The company has secured patent protection for its photonic technologies across 26 countries, reflecting its ambition to establish an international presence within the rapidly evolving semiconductor industry.
Beyond technology, Dr. Fang has developed an unusually multidisciplinary reputation that bridges science, engineering, entrepreneurship, biotechnology, fine art, and luxury design. His original paintings have been exhibited internationally—including a digital display in New York’s Times Square—and have inspired LongServing’s expansion into luxury fashion, where laboratory-grown jadeite is incorporated into handcrafted boutique collections.
This combination of scientific innovation and artistic creativity has earned comparisons to Renaissance-style inventors whose work transcends conventional academic boundaries.
As artificial intelligence continues to drive unprecedented demand for faster, more energy-efficient computing infrastructure, photonic computing has emerged as one of the industry’s most closely watched frontiers.
LongServing Technology is positioning itself as one of the companies seeking to help shape that future.
With its complete architectural disclosure, the company has moved beyond theoretical discussion and offered the public its first comprehensive look at an integrated photonic computing platform—one that aims to combine photonic memory, optical logic, and advanced system architecture into a unified design.

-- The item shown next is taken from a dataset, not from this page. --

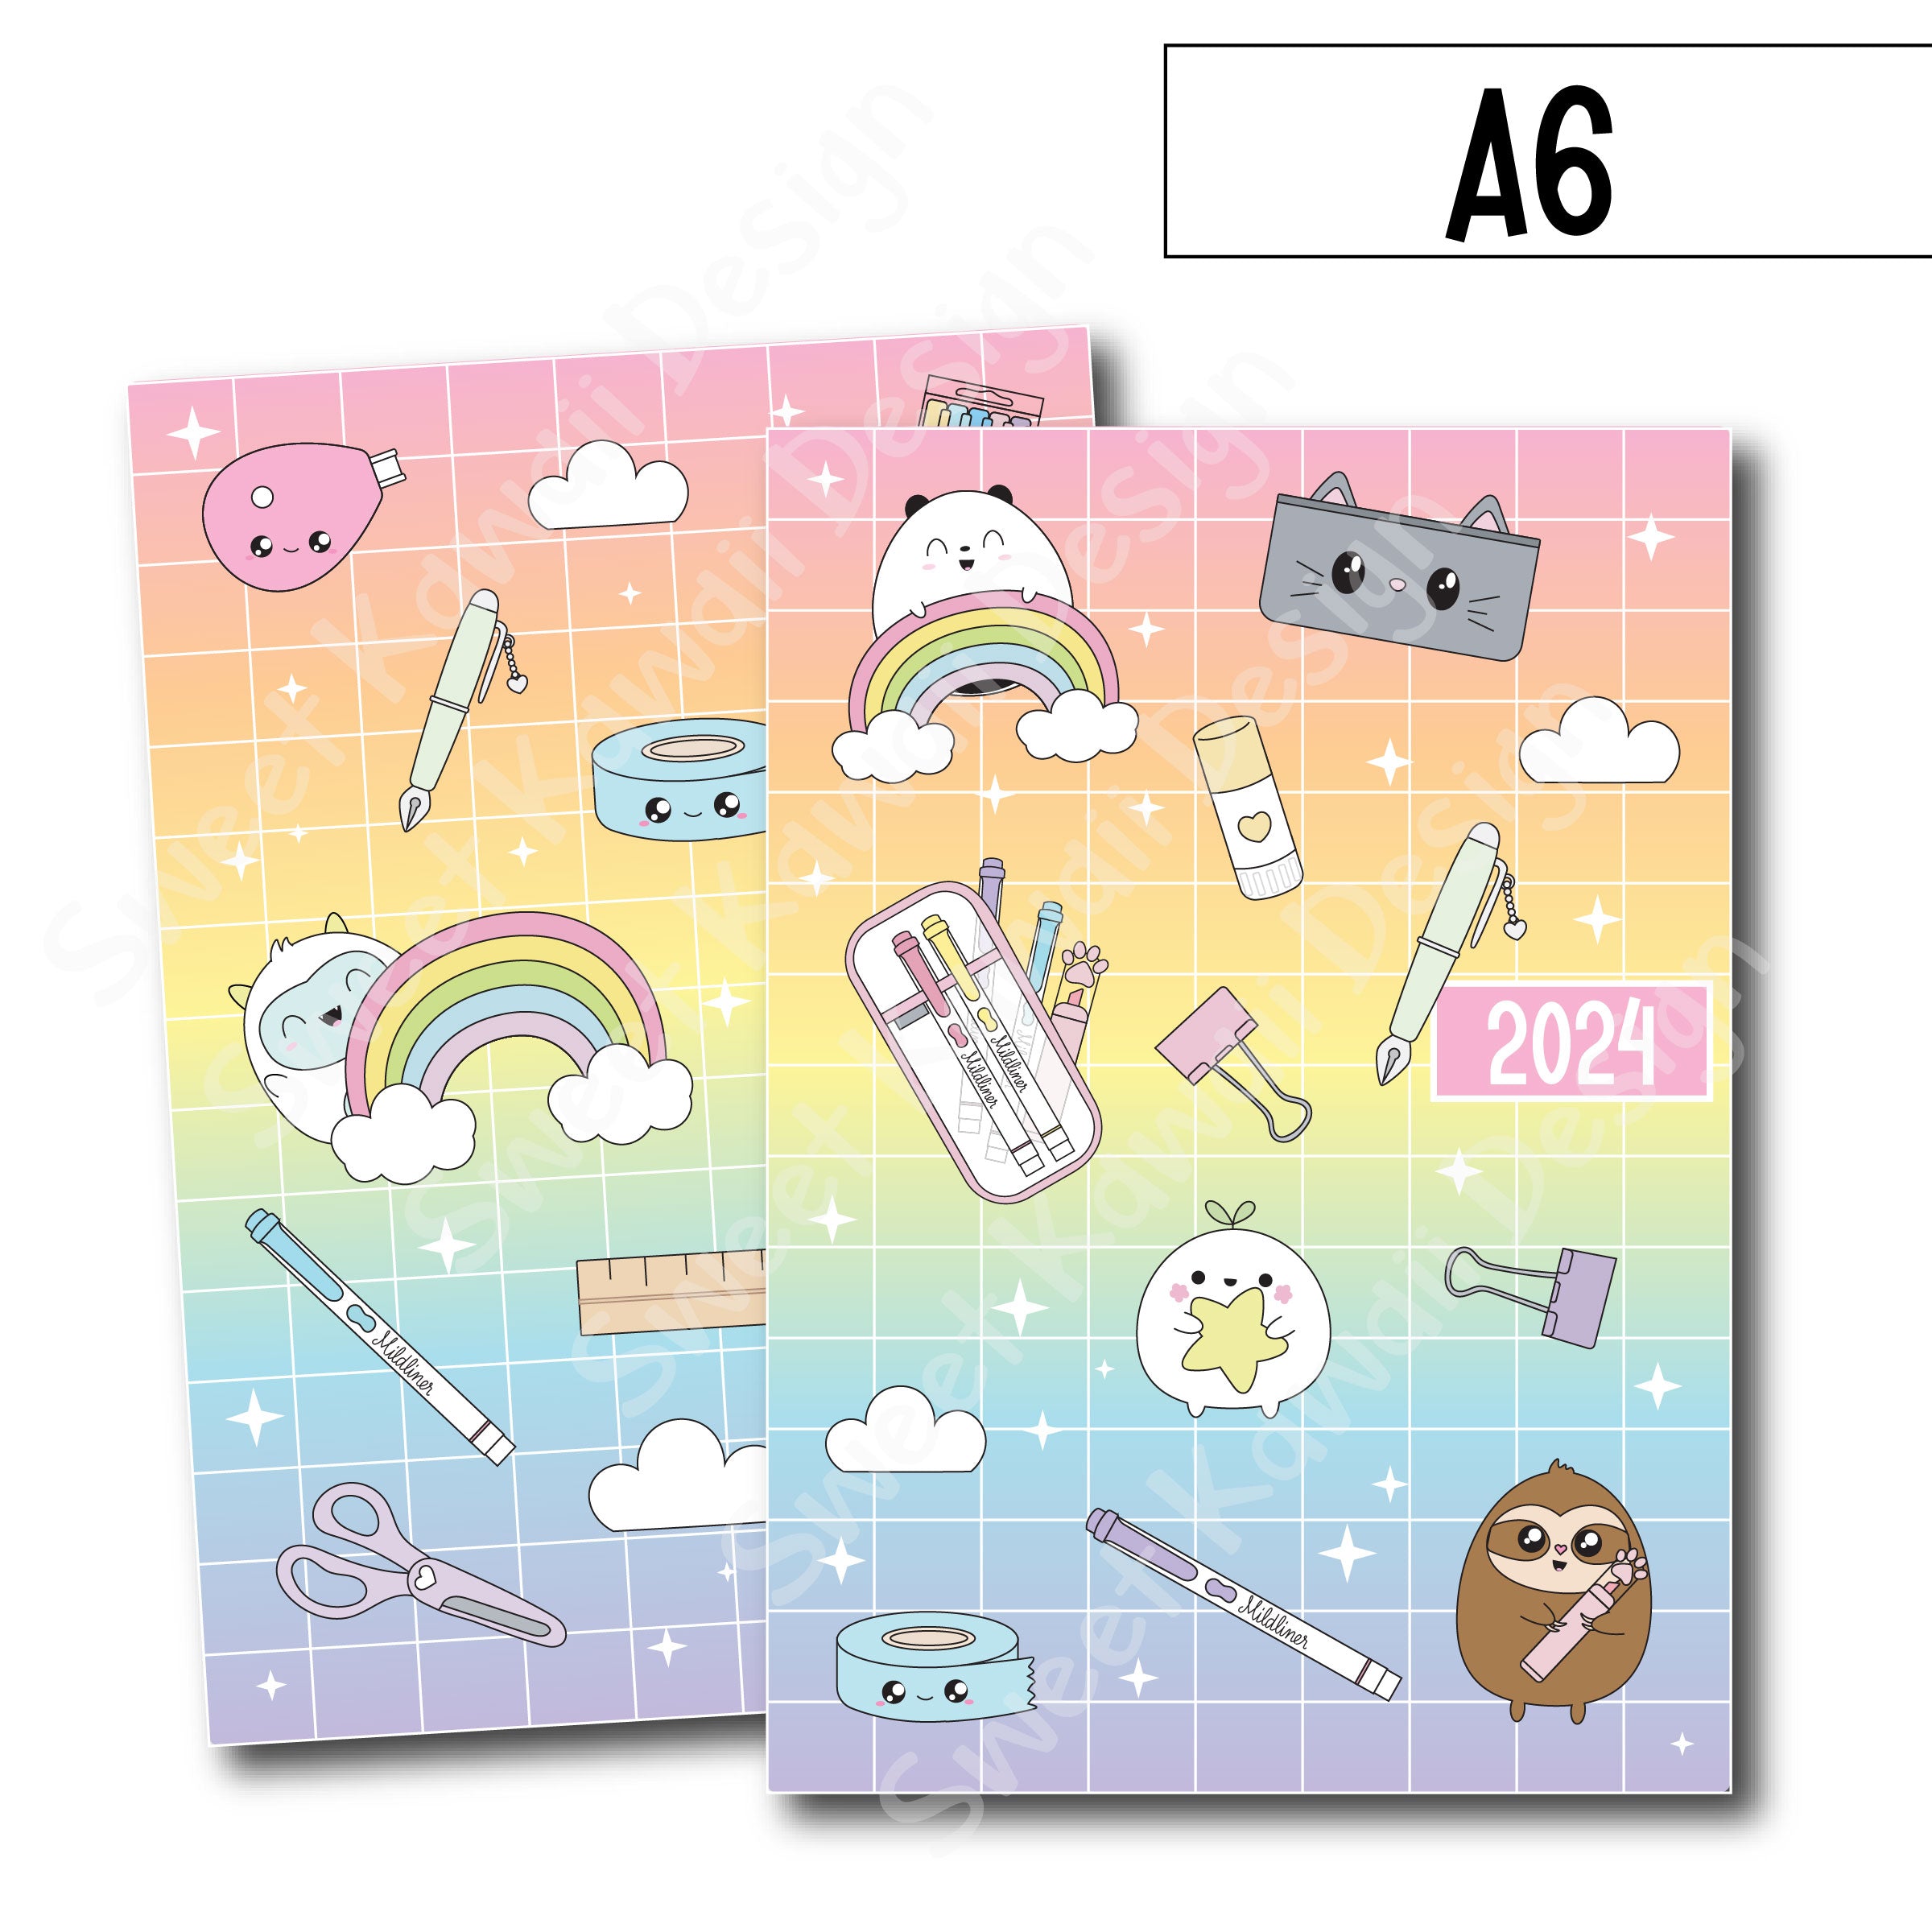 Hobonichi Cover Sticker - Pastel Gradient - Cousin or A6

Whether this vision ultimately transforms the semiconductor industry will depend on future engineering validation, manufacturing scalability, and commercial adoption.
What is already clear, however, is that Dr. Ko-Cheng Fang’s latest announcement represents an ambitious contribution to one of the most important technological races of the 21st century—one where the future of artificial intelligence may ultimately be powered not by electricity, but by light.